Zcash has announced that it plans to add a new consensus rule in order to protect its coin supply against counterfeiting attacks. Although Zcash offers privacy features, some of its coins move in such a way that they can be observed via a “turnstile” effect. Beginning in May, Zcash will reject blocks should they show signs of counterfeiting—something that hasn’t happened yet.
Over the past year, Zcash discovered and patched a vulnerability that could have allowed attackers to freely mint new ZEC tokens instead of mining them. Fortunately, this vulnerability was never exploited and has now been patched. However, the recent patch prevents just one known method of counterfeiting. This new rule will protect against any type of counterfeiting.
An overarching solution is important because Zcash’s privacy features make it difficult for anyone to detect counterfeiting directly. Although many Zcash wallets and addresses don’t make use of these privacy features, some Zcash addresses are “shielded.” This means that only some participants can view a particular address’s value, making it hard to say whether counterfeiting has taken place.
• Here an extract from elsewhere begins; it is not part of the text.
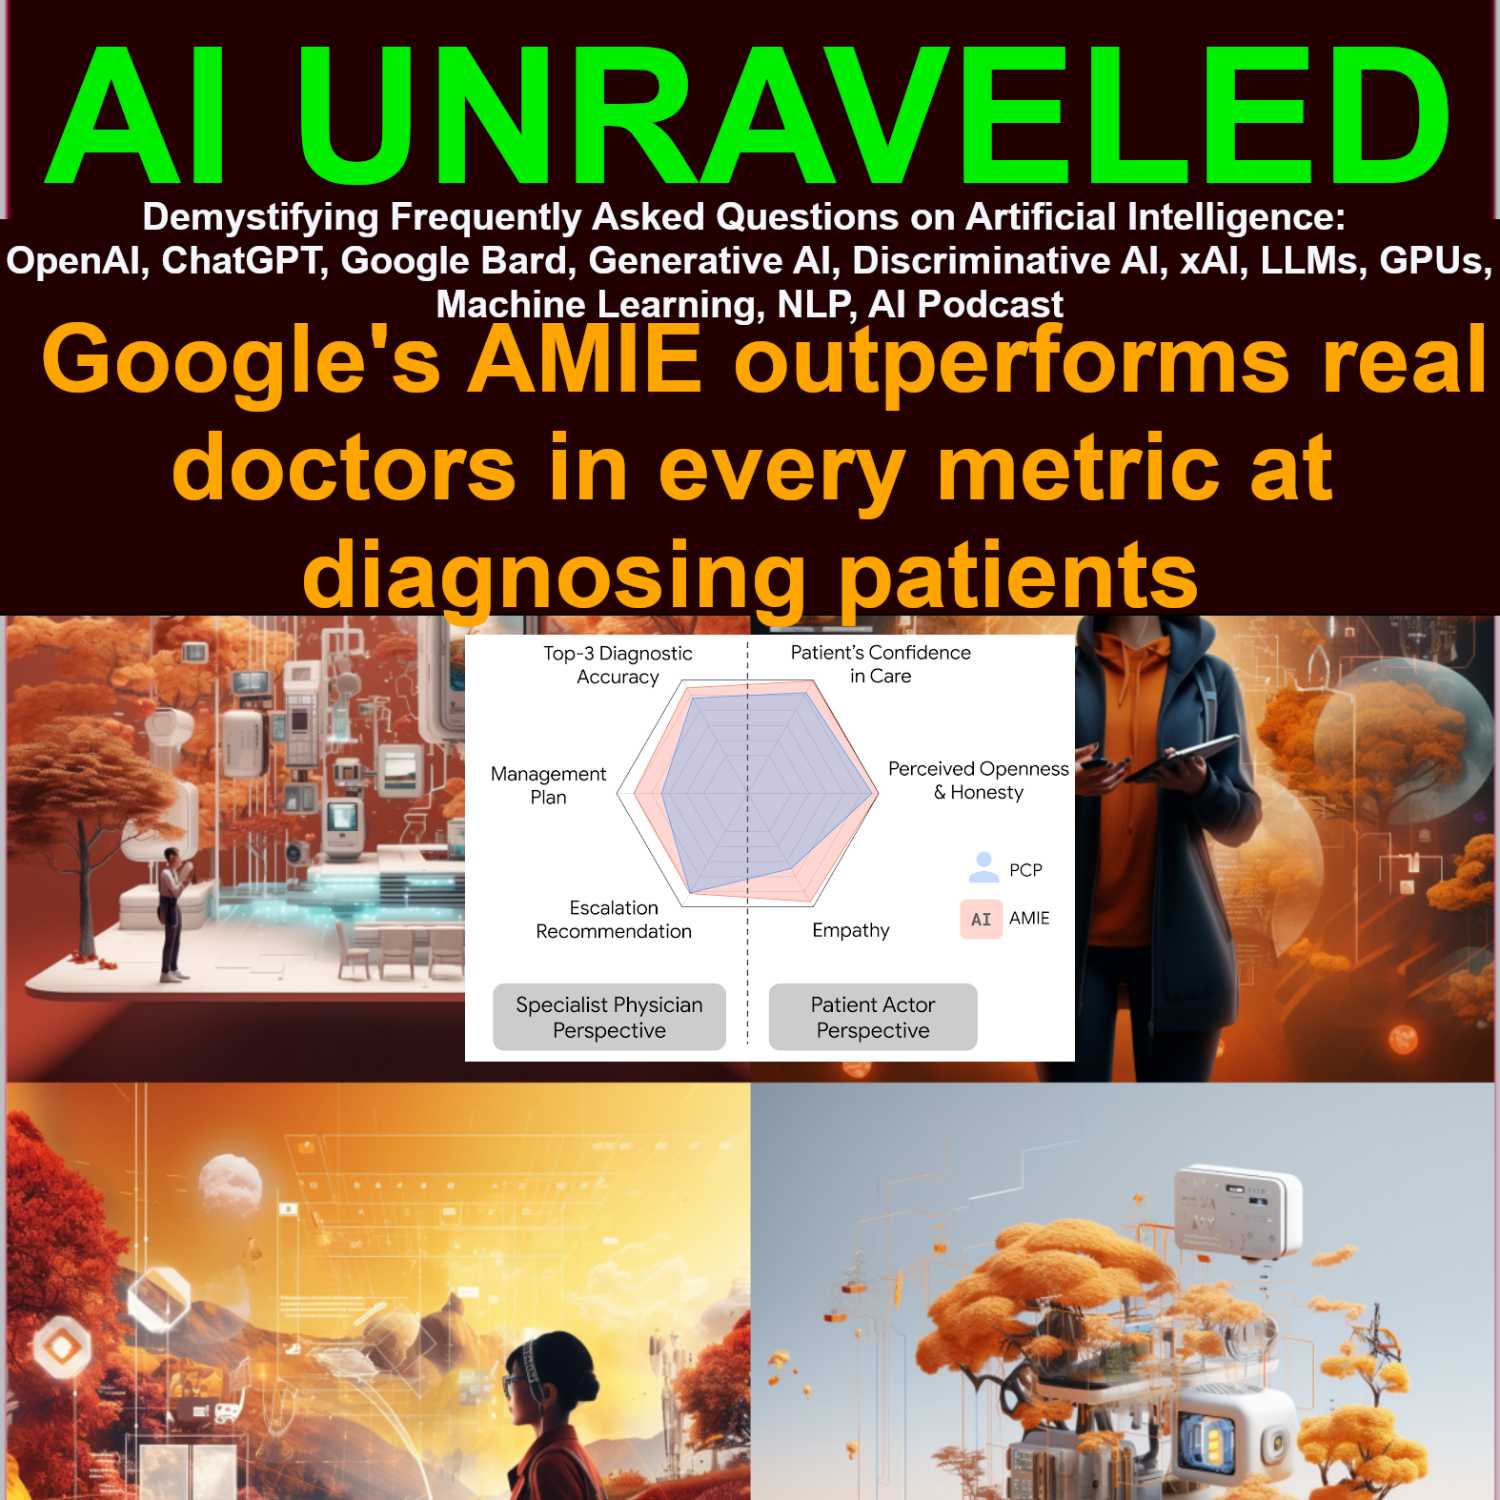 Revolution in Healthcare: Google’s AI (AMIE) Surpasses Doctors in Patient Diagnosis - A Detailed Analysis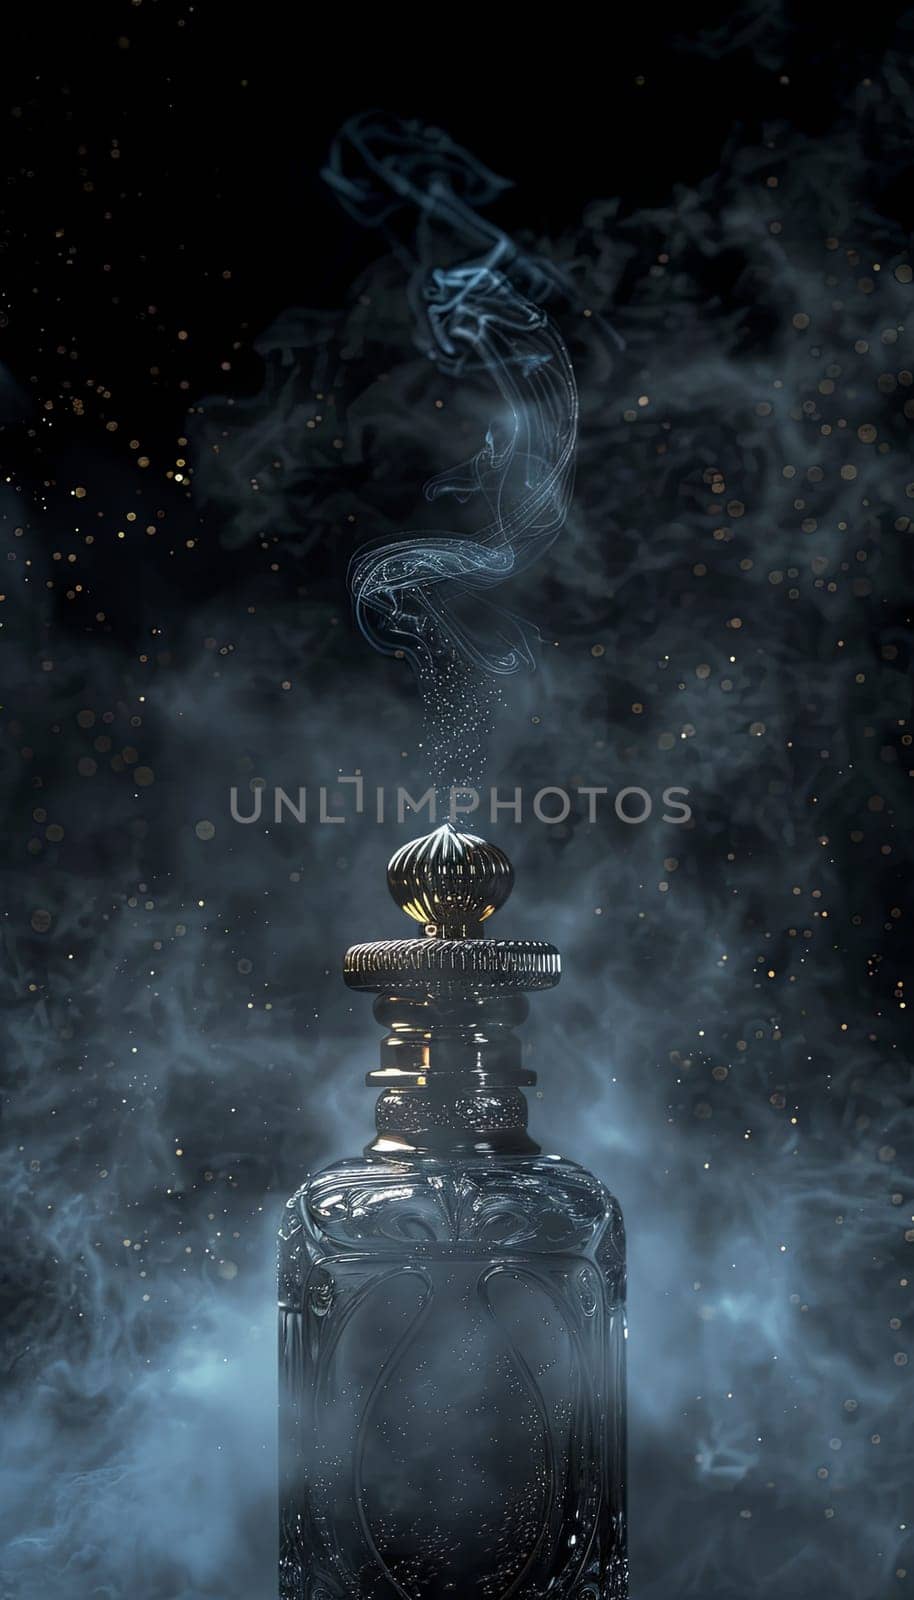 A close-up of an ornate perfume bottle with a silver top, emitting a delicate mist against a dark background.

However, counterfeiting can also be detected indirectly. Zcash has two pools of shielded addresses and one pool of transparent addresses. Values can be measured whenever ZEC tokens enter or leave shielded pools—just as a turnstile can be used to count people who pass through it. If more ZEC tokens leave a pool than have entered it, counterfeiting has probably taken place.
Preventing Possible Attacks
Zcash has already used the turnstile effect to demonstrate that counterfeiting hasn’t occurred yet. But starting in May, Zcash nodes will be actively required to reject blocks in which incoming values and outgoing values total a negative amount. This means that Zcash’s coin supply will be safe, even if counterfeiting does take place.
This feature will be tested extensively before it is deployed to Zcash’s main blockchain. However, there could be some issues. Due to irregularities in public tracking, users may not be able to transfer all of their funds out of a shielded pool. Zcash says this is necessary in order to keep counterfeit coins contained.
This change could provide very strong security. More cynically, it could indicate that Zcash has found another vulnerability. Although Zcash says otherwise, the project would need to keep such matters a secret in order to preserve security. It is possible that more details will emerge after the feature is activated in May.